Beyond Needing to Be Right
LETTER BY BRIAN MORYKON
Some people feel like it’s their call in life to point out what is wrong in others. Modern-day scribes and Pharisees, we avoid them at all costs.
At times I can be one of them, if only on the inside.
Faultfinding is a “skill” I honed over the years. My judgment of others isn’t always verbalized, but boy do the thoughts get loud.
Lately, I’m asking the Holy Spirit where this critical bent began and why it continues. My sense is that it’s a survival technique little-boy-me developed as a preemptive defense mechanism against the beast called Rejection. Whatever the cause, God is at work in me, offering awareness, healing, and training. And in good moments (far fewer than I desire) — when my body, heart, and mind are secure in the knowledge of God’s care — I don’t strongly feel the need to be right or correct everyone, mentally or verbally.

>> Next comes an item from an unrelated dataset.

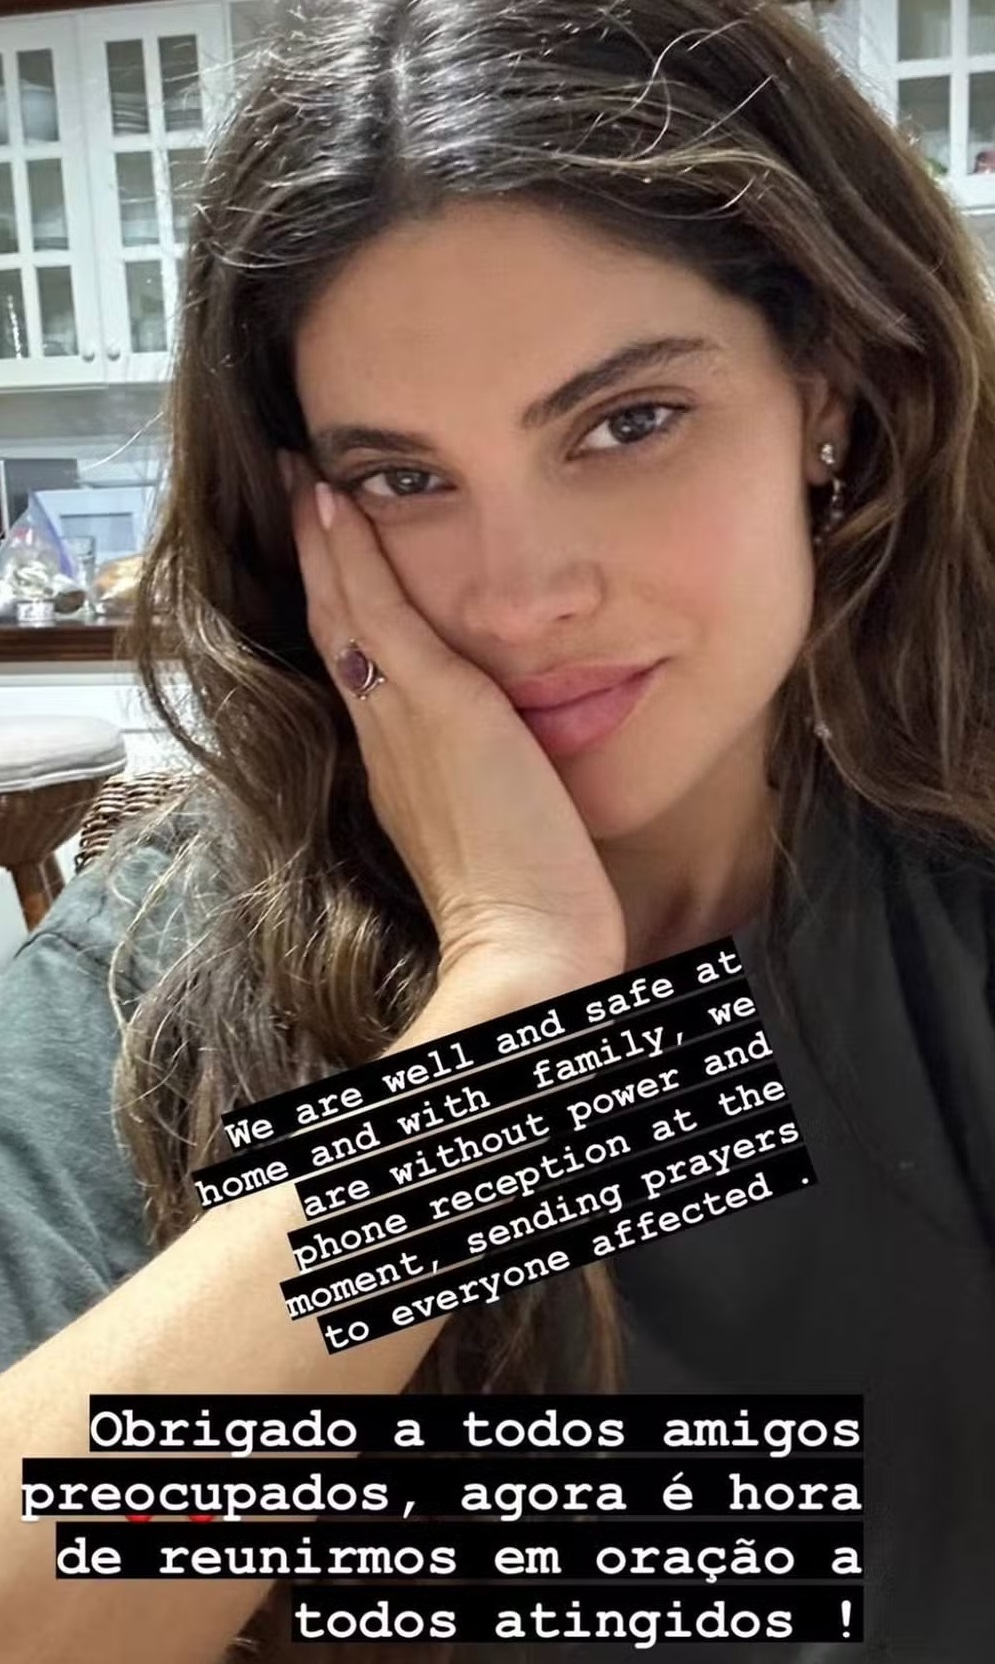 Postagem da Miss Brasil informando que está bem e pedindo orações às pessoas atingidas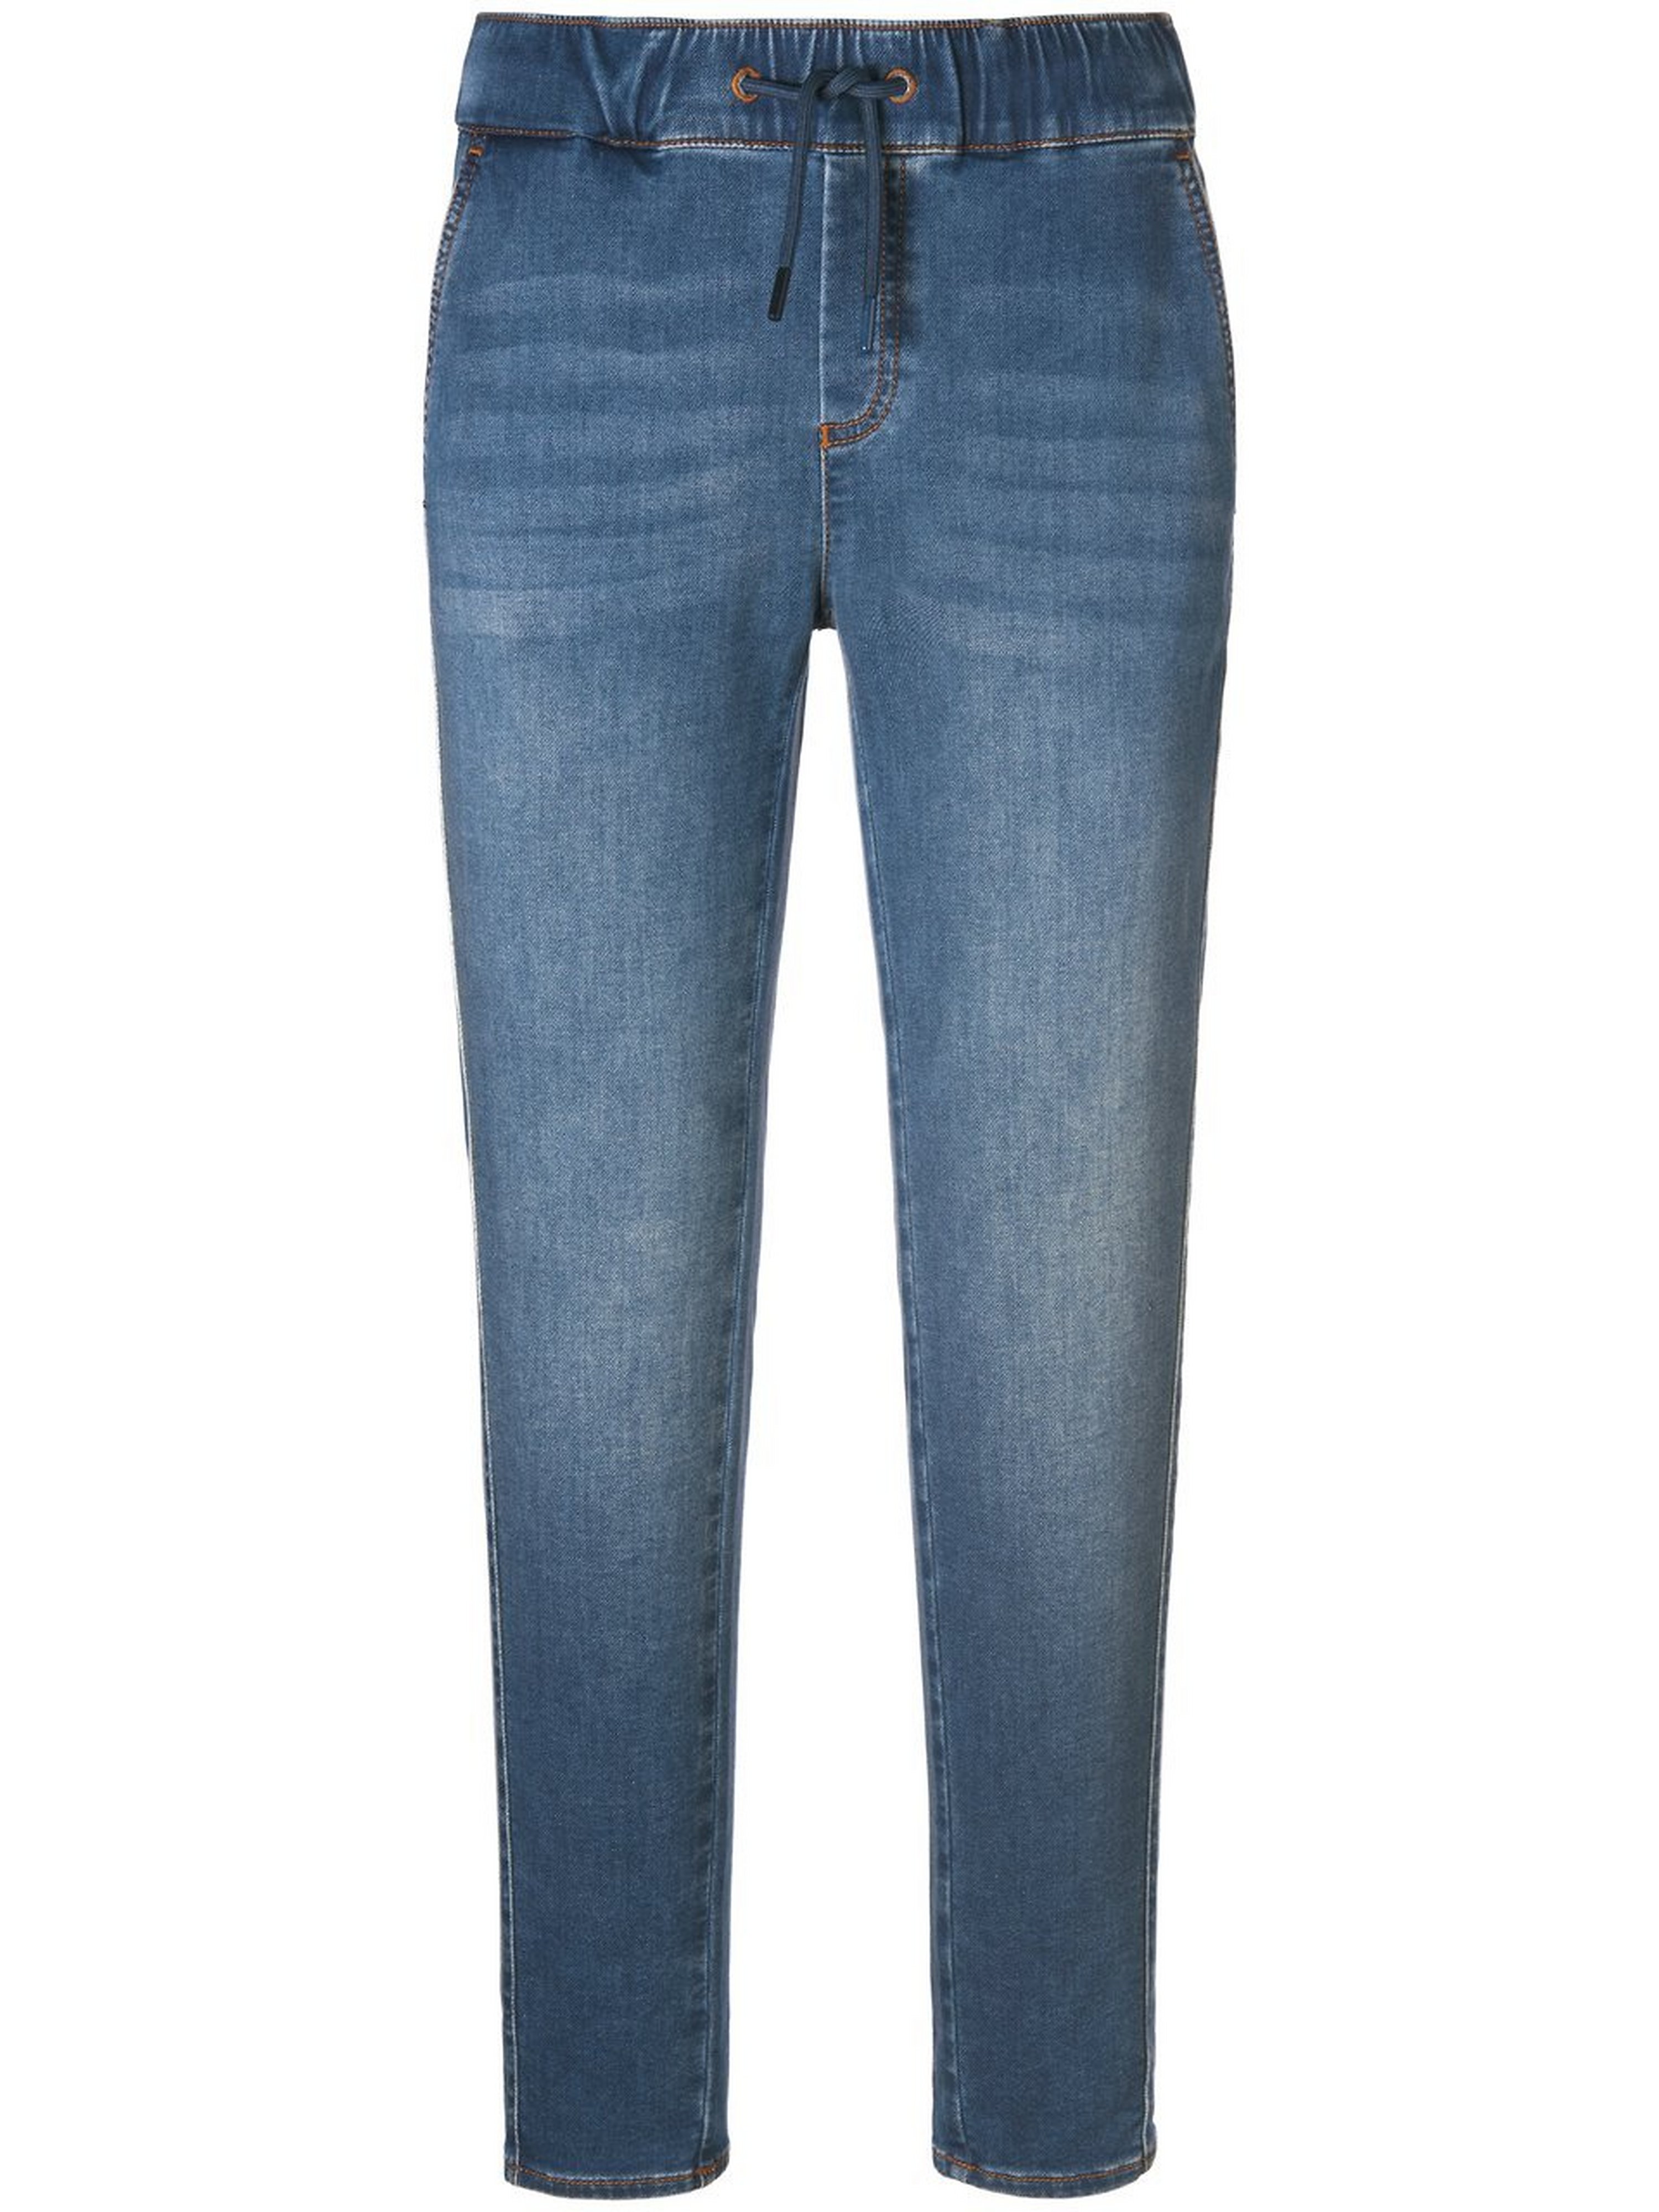 Enkellange jeans in jogg pant stijl pasvorm Sylvia Van Peter Hahn denim

But what about the times when someone does need to be corrected? Scripture is clear that there’s a time to “turn a sinner from the error of his way” (James 5:20). The key then is the spirit in which the correction is done. Do we have another’s best in mind?
In a remarkable talk on holiness featured on the podcast this week, Dallas Willard points out: “The problem is that if you [correct] in the wrong way you don’t give life to people, you kill them, because you don’t come to the heart level where there is hope of contacting God and getting a new life going.”
Are you familiar with François Fénelon? Now here is someone who met people at the heart level. His life and writings reveal a man whose righteousness exceeded that of the scribes and Pharisees. He offered advice and correction not because he needed to be right but because he loved those to whom he wrote. May it be so with us.